11 Tips for Stunning Wildlife Photography

The natural world is full of potential subjects for amazing images, and if you’re anything like us, escaping the rat race for a few hours to watch them is the ideal way to unwind after a busy week. But whether wildlife photography is something you have chose to specialise in or that you shoot alongside other genres, there are a few simple tips to bear in mind that will elevate your images from good to astounding.

Read on for some of the tricks and techniques used by leading professionals to produce shots with the wow factor…

bird photography


1. Research your subjects

This may seem a somewhat obvious suggestion, but it’s one that nonetheless, many photographers overlook. If you want to capture the best wildlife photos possible, it’s worth finding out at what times of the day your intended subjects tend to be active, which areas or national parks they habitat, and what behaviour they may exhibit during different parts of the year.

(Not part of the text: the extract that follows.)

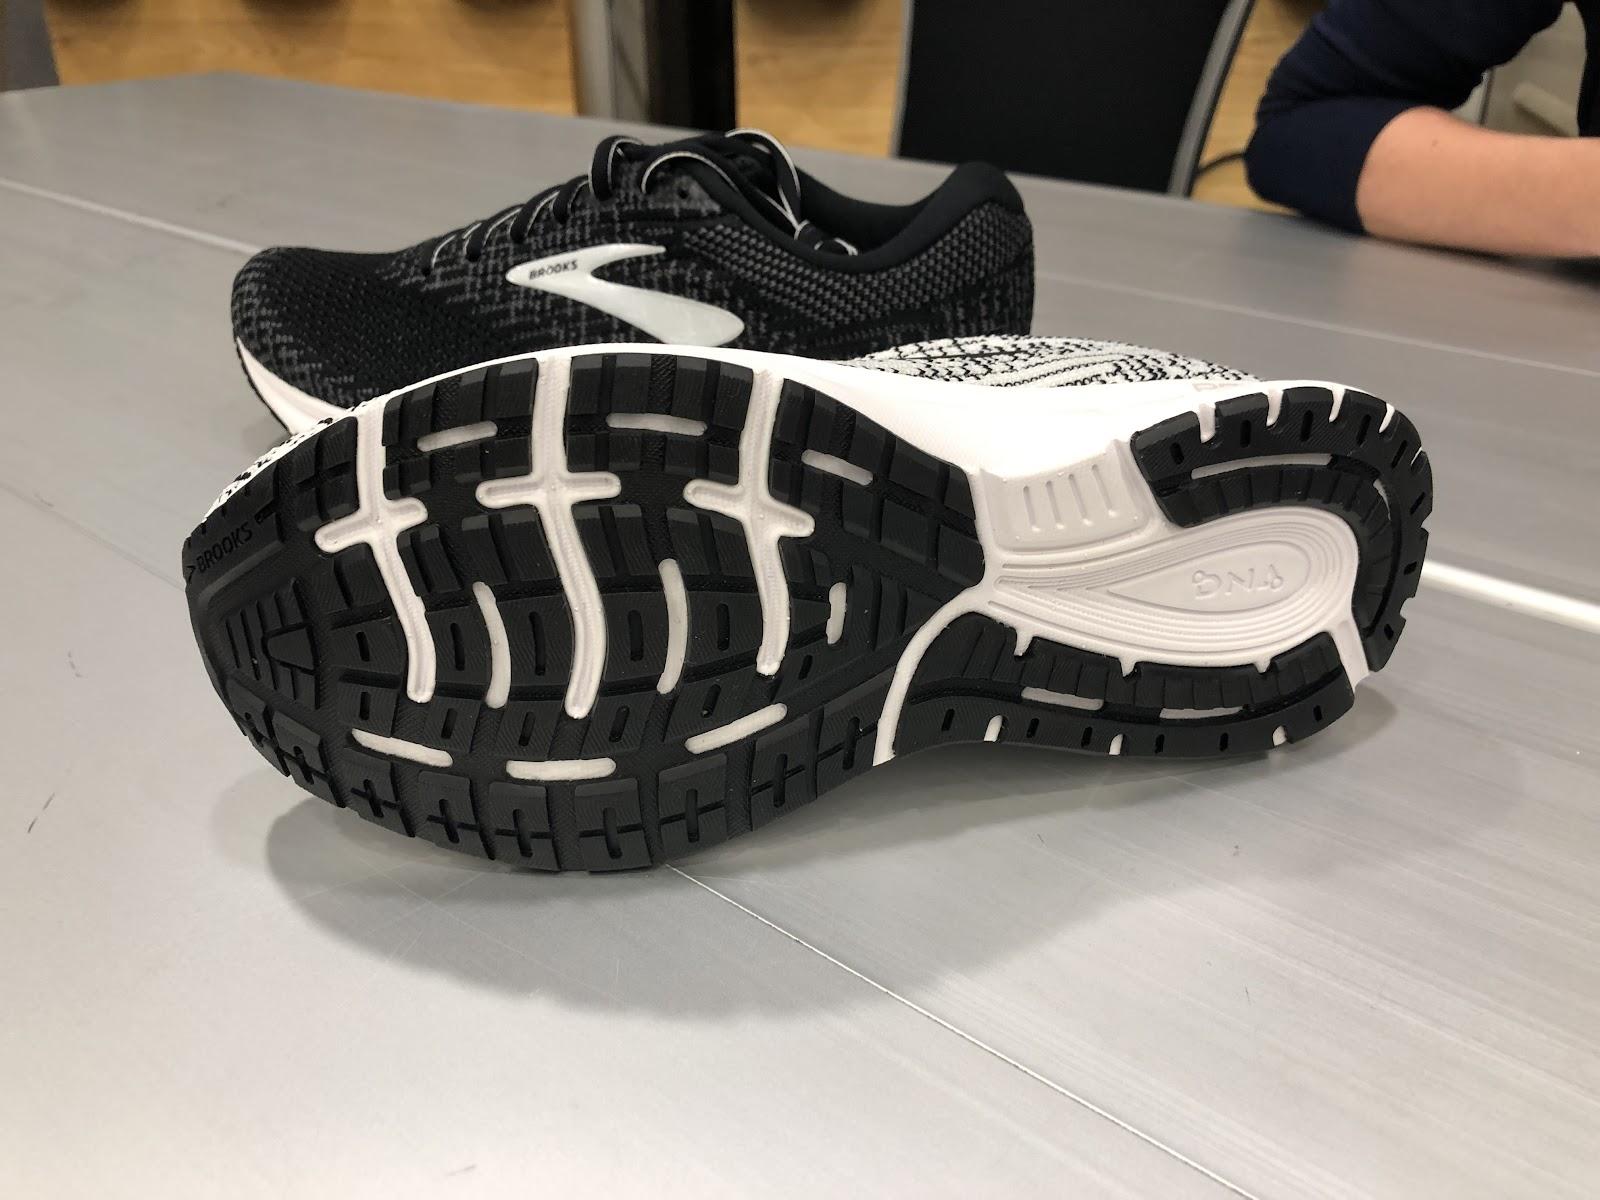 18634799866 Road Trail Run  Brooks Running 2019 Previews  Adrenaline GTS 20 ...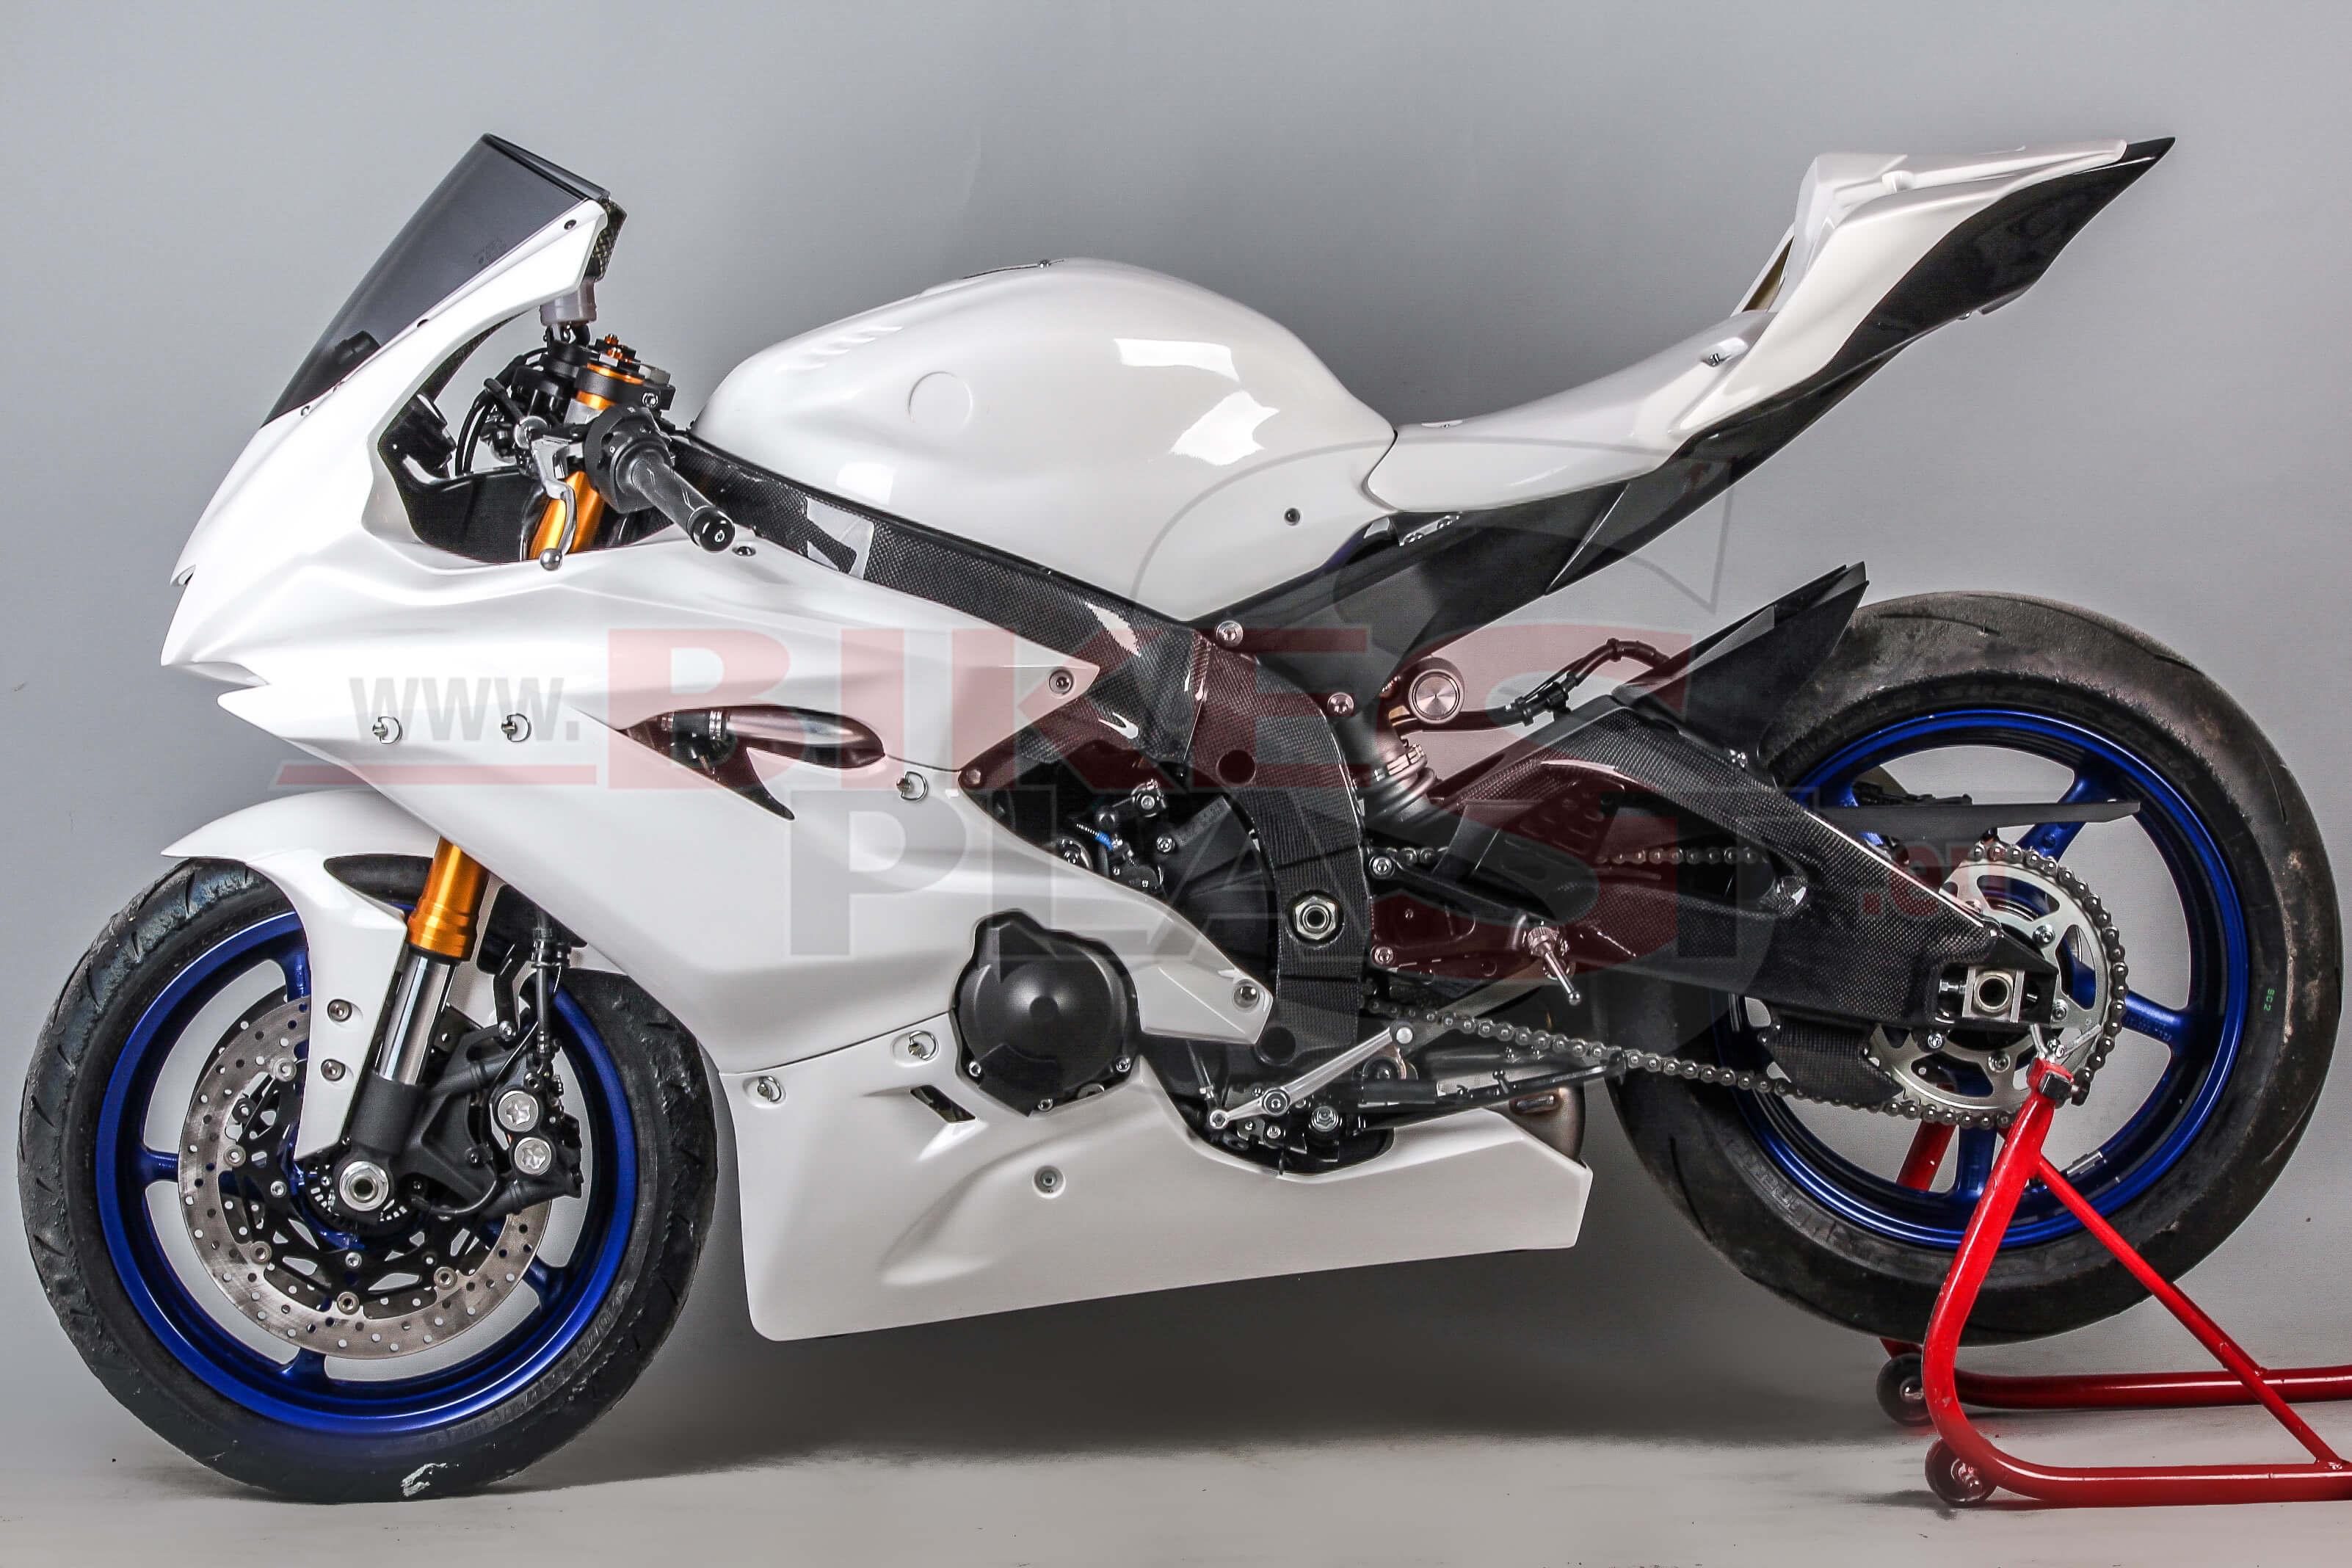 Special Upgrade Kit Yamaha R6 2006 2016 To 2017

There’s no point spending your day staking out a potential location when your planned animal has migrated already or is hibernating somewhere else. Of course, you may get lucky and stumble across a few great wildlife images by chance, but if you want to make the best use of your time, it usually pays to be prepared. Having a good idea of what you want to capture before you ever leave the house will enable you to pack the right gear, and head to the right spots, to bring your vision to life.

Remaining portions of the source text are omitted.